The Chevrolet Volt has gotten its EPA mpg ratings:

The equivalent of 93 miles per gallon (mpg-e) in combined city and highway driving while running on electricity alone.

37 mpg when running on juice from its onboard gasoline-powered generator.

Those will be the figures on the Volt’s window sticker when deliveries of the plug-in car begin next month. The Volt is priced at $41,000, though buyers may qualify for an up to $7,500 federal tax credit.

Earlier this week, the Nissan Leaf all-electric plug got a window-sticker rating of 99 mpg-e for combined city and highway driving. The Leaf has no onboard generator and Nissan estimates its range, subject to variables such as climate and drivers’ habits, at about 100 miles and then the car must be plugged in to recharge.

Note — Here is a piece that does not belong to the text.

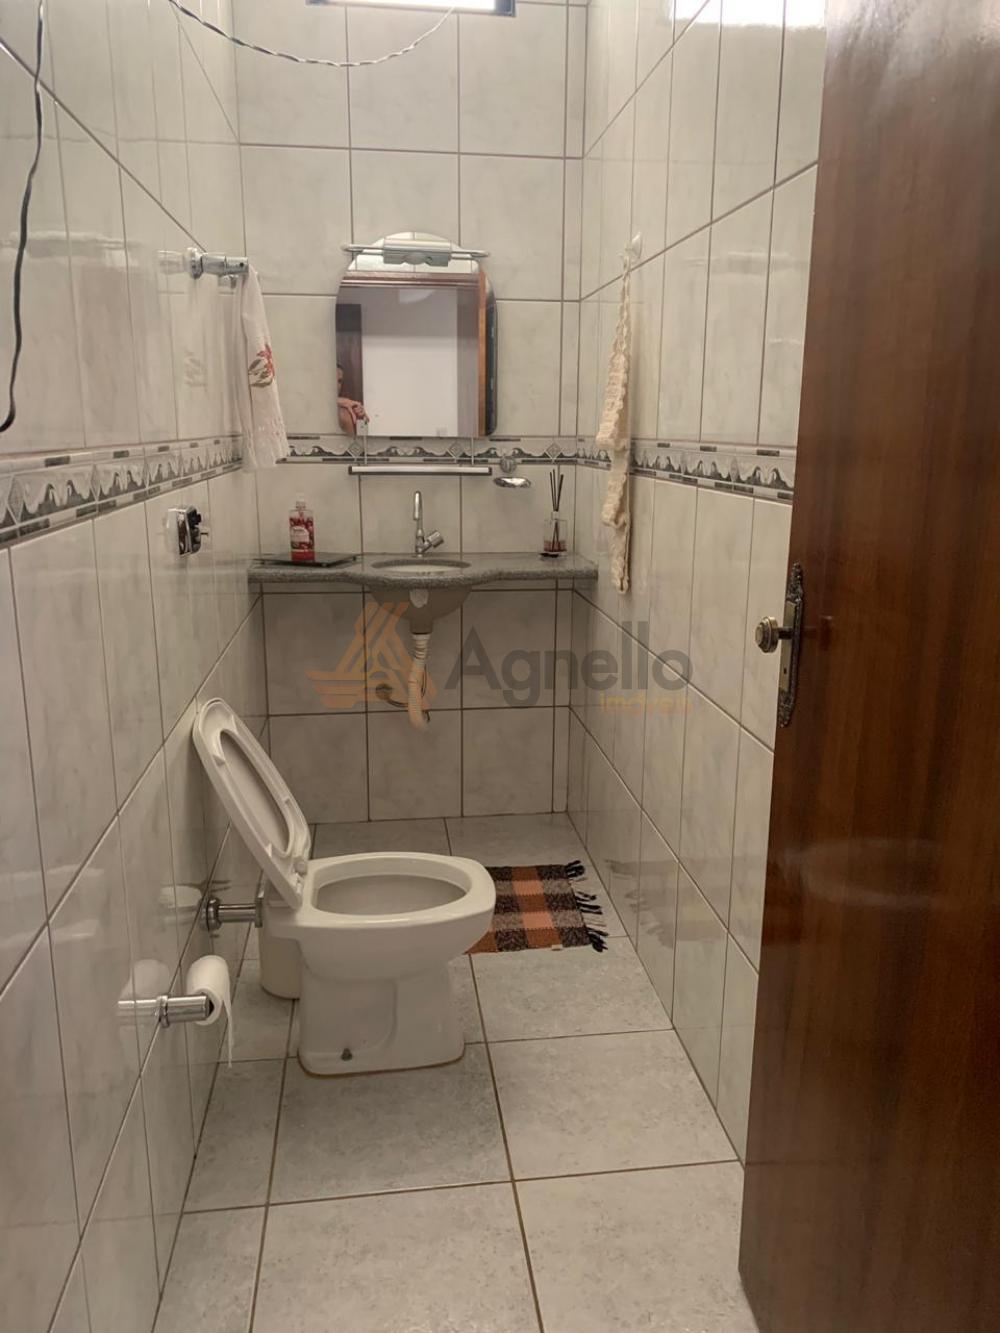 Comprar Casa / Chácara em Franca apenas R$ 730.000,00 - Foto 9

The Volt can go 25 to 50 miles on electricity alone, also subject to variables, then a 1.4-liter gasoline engine kicks in to provide juice for the electric motor, making its range the same as a non-electric car — a capability General Motors has advertised as eliminating “range anxiety.” To electric car purists, however, that makes it not a fully electric car.

The ratings means potential buyers needs to look closely at their driving needs. Owners who can do much or all of their typical daily driving on electricity and plug in at night will get stellar mileage. But if they needs to use the gas-engine generator much of the time, a conventional (and cheaper) hybrid, as well as several regular gas-engine (and much cheaper) cars would provide similar fuel efficiency.